Reproduce the whole listing exactly, omitting any picture it holds.

_Supplied information_
^^^^

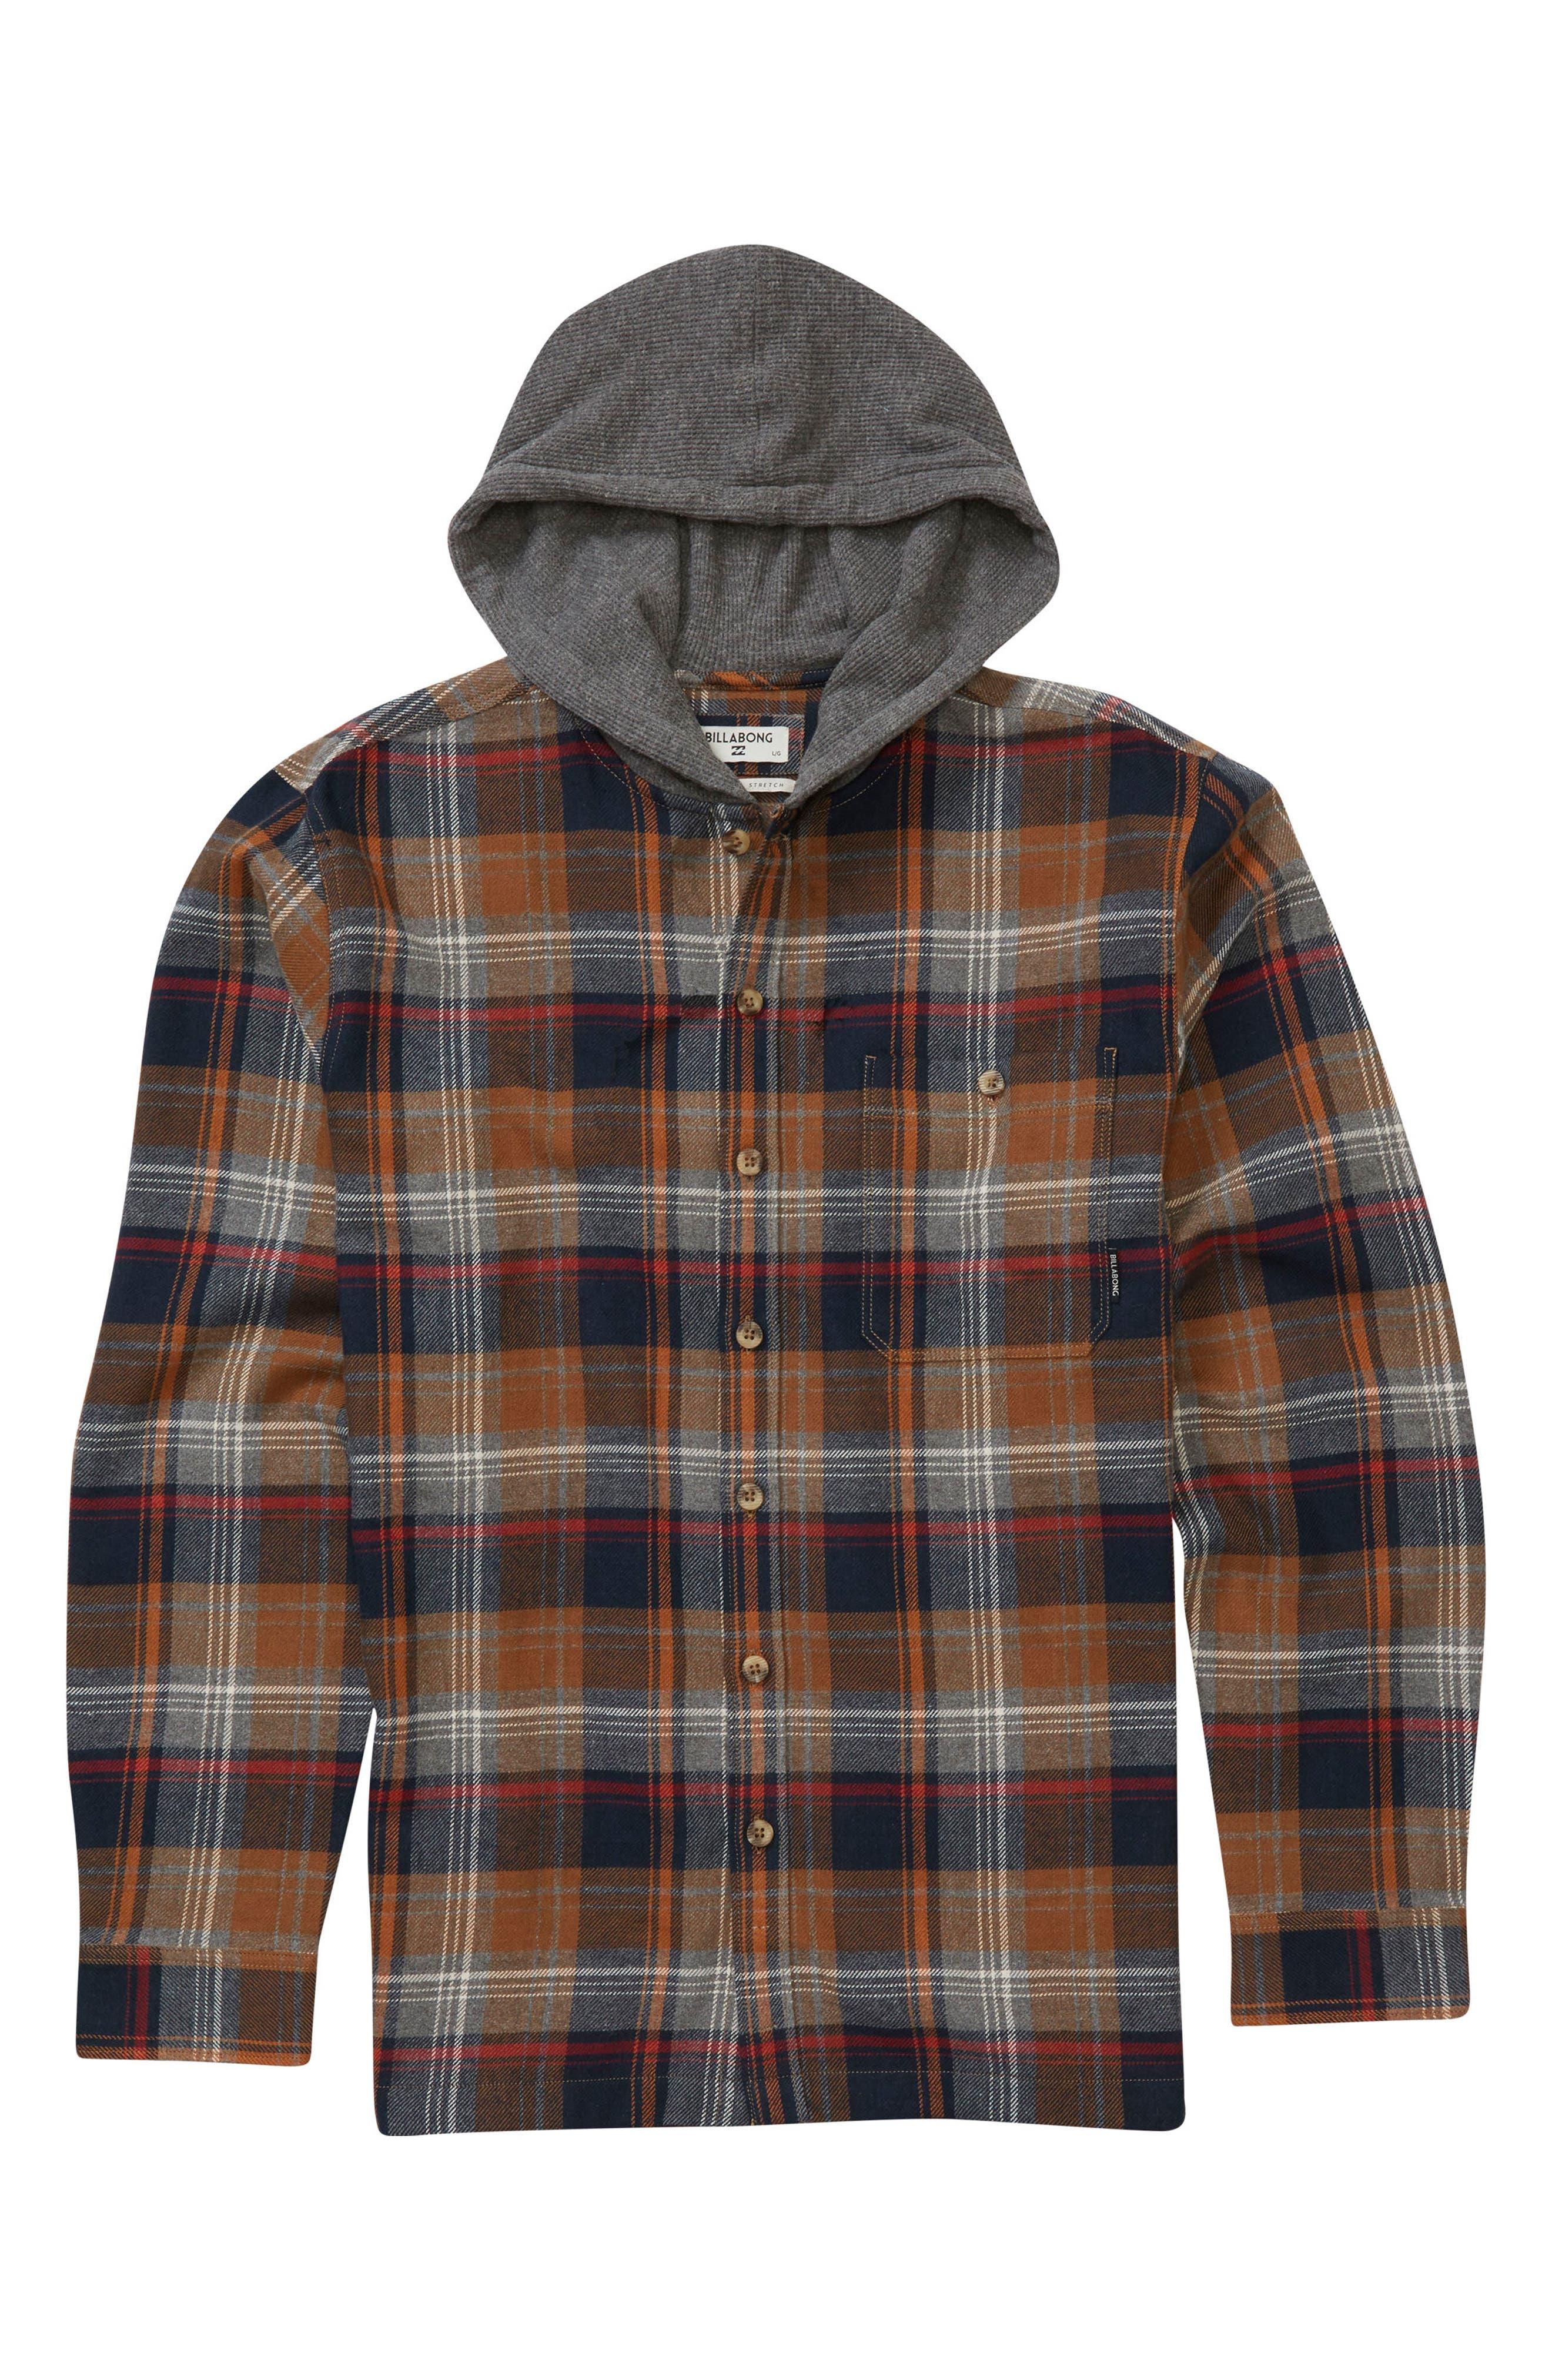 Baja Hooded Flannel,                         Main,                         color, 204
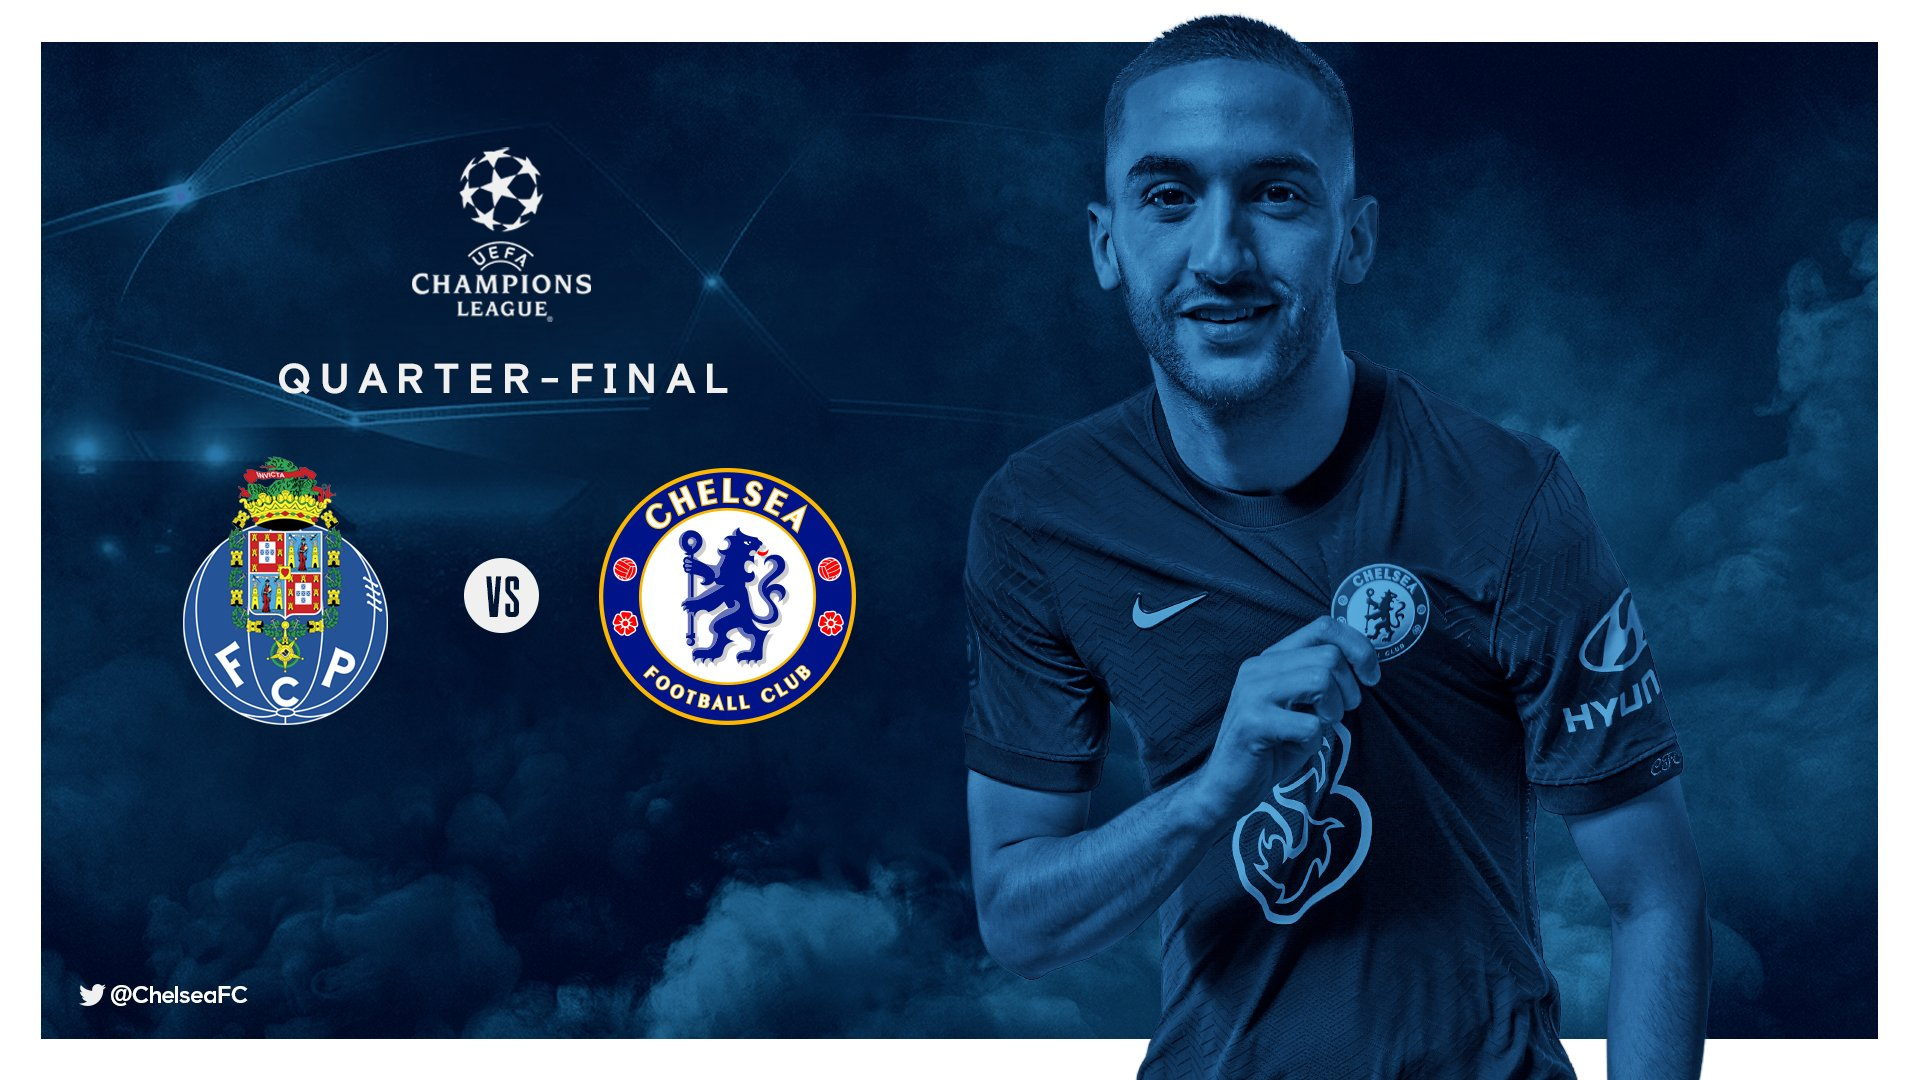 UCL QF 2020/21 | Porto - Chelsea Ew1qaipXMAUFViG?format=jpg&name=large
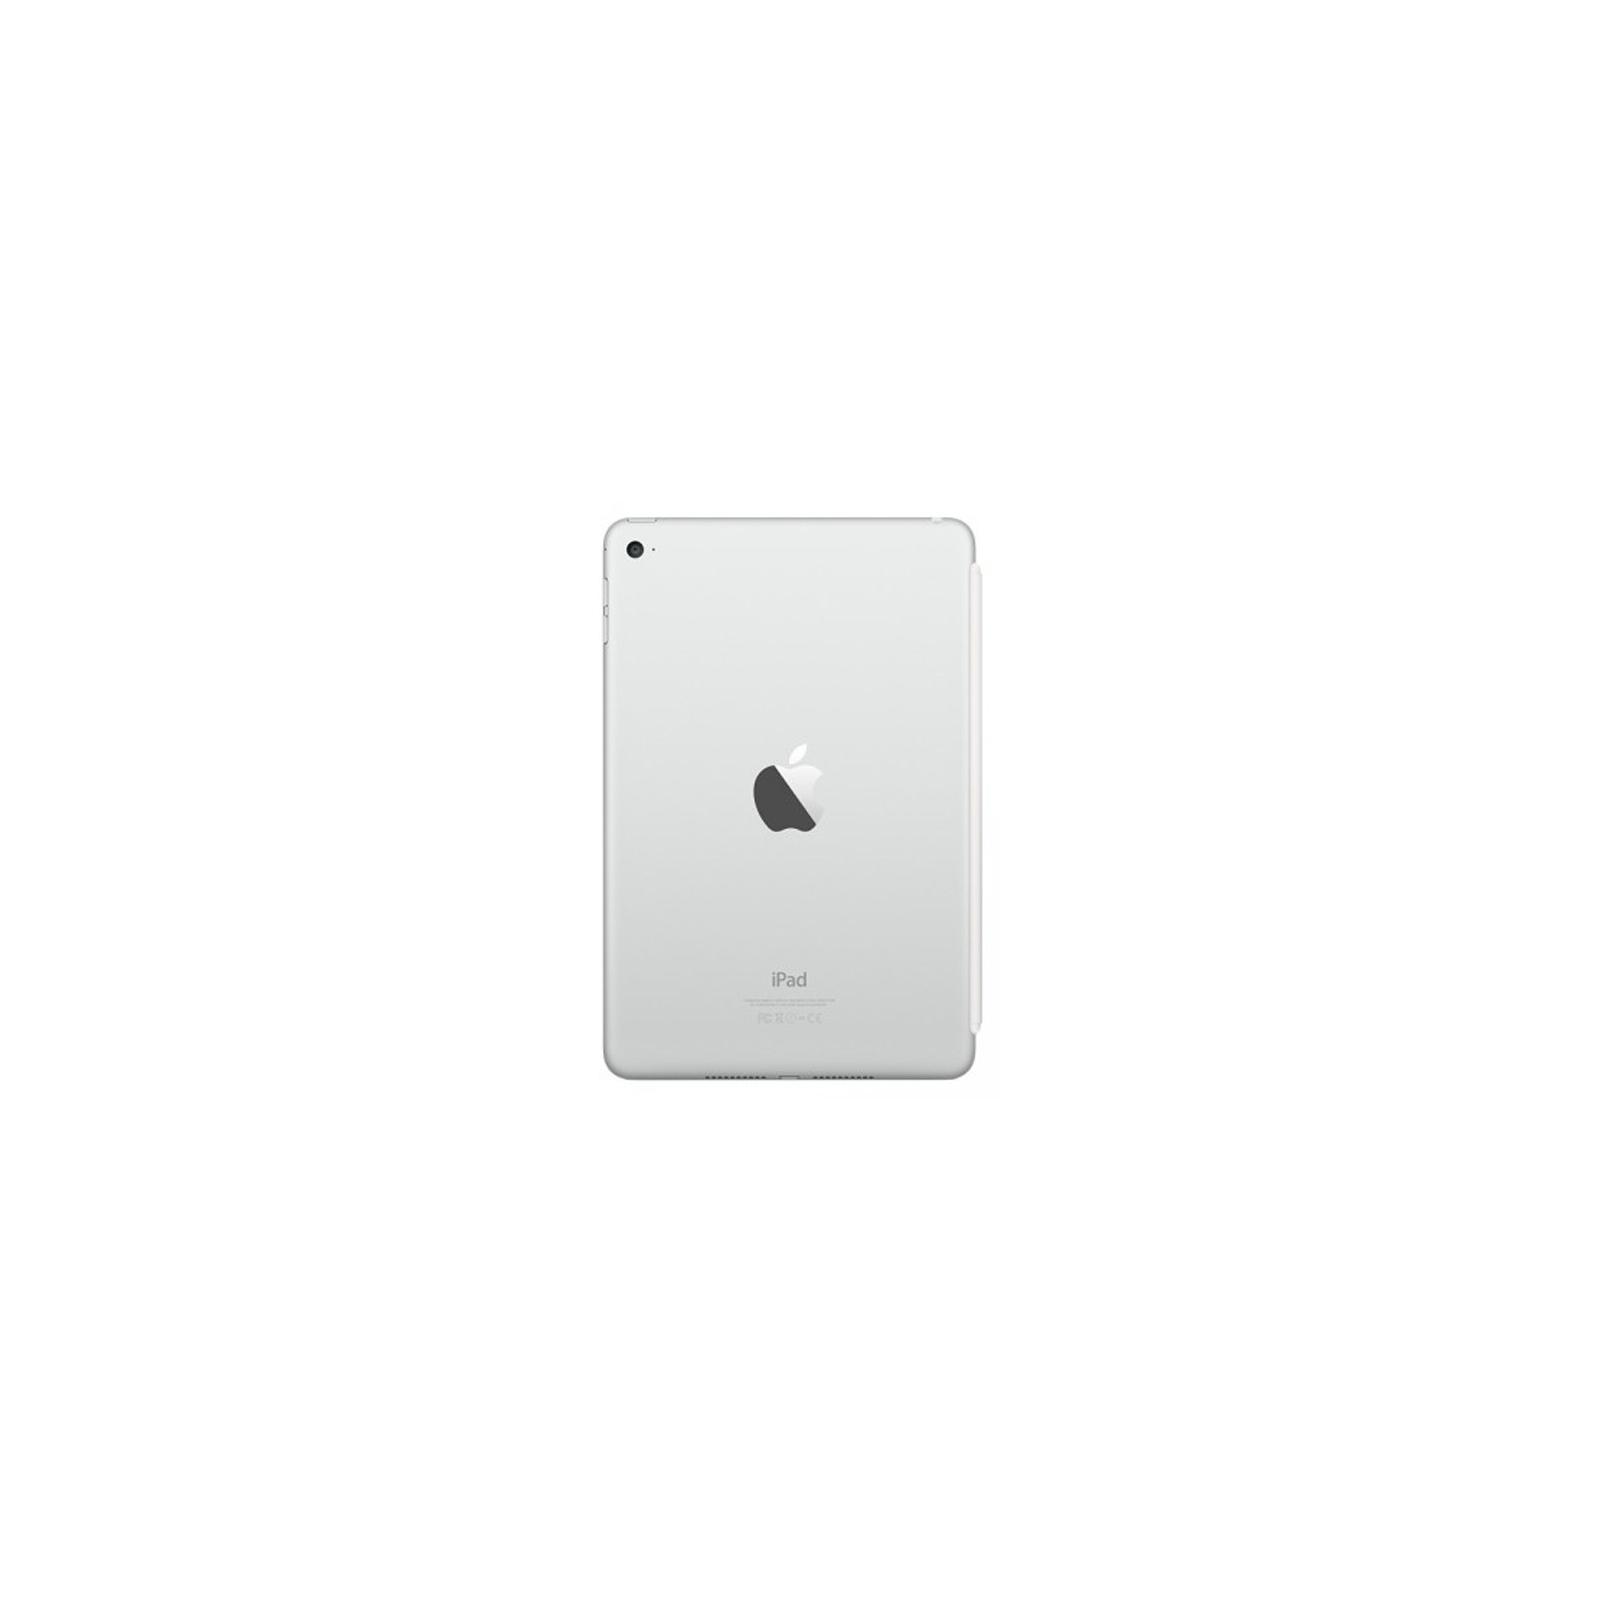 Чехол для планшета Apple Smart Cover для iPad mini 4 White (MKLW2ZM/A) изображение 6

^^^^

_Output of the task_
 Baja Hooded Flannel,                         Main,                         color, 204
 UCL QF 2020/21 | Porto - Chelsea Ew1qaipXMAUFViG?format=jpg&name=large
 Чехол для планшета Apple Smart Cover для iPad mini 4 White (MKLW2ZM/A) изображение 6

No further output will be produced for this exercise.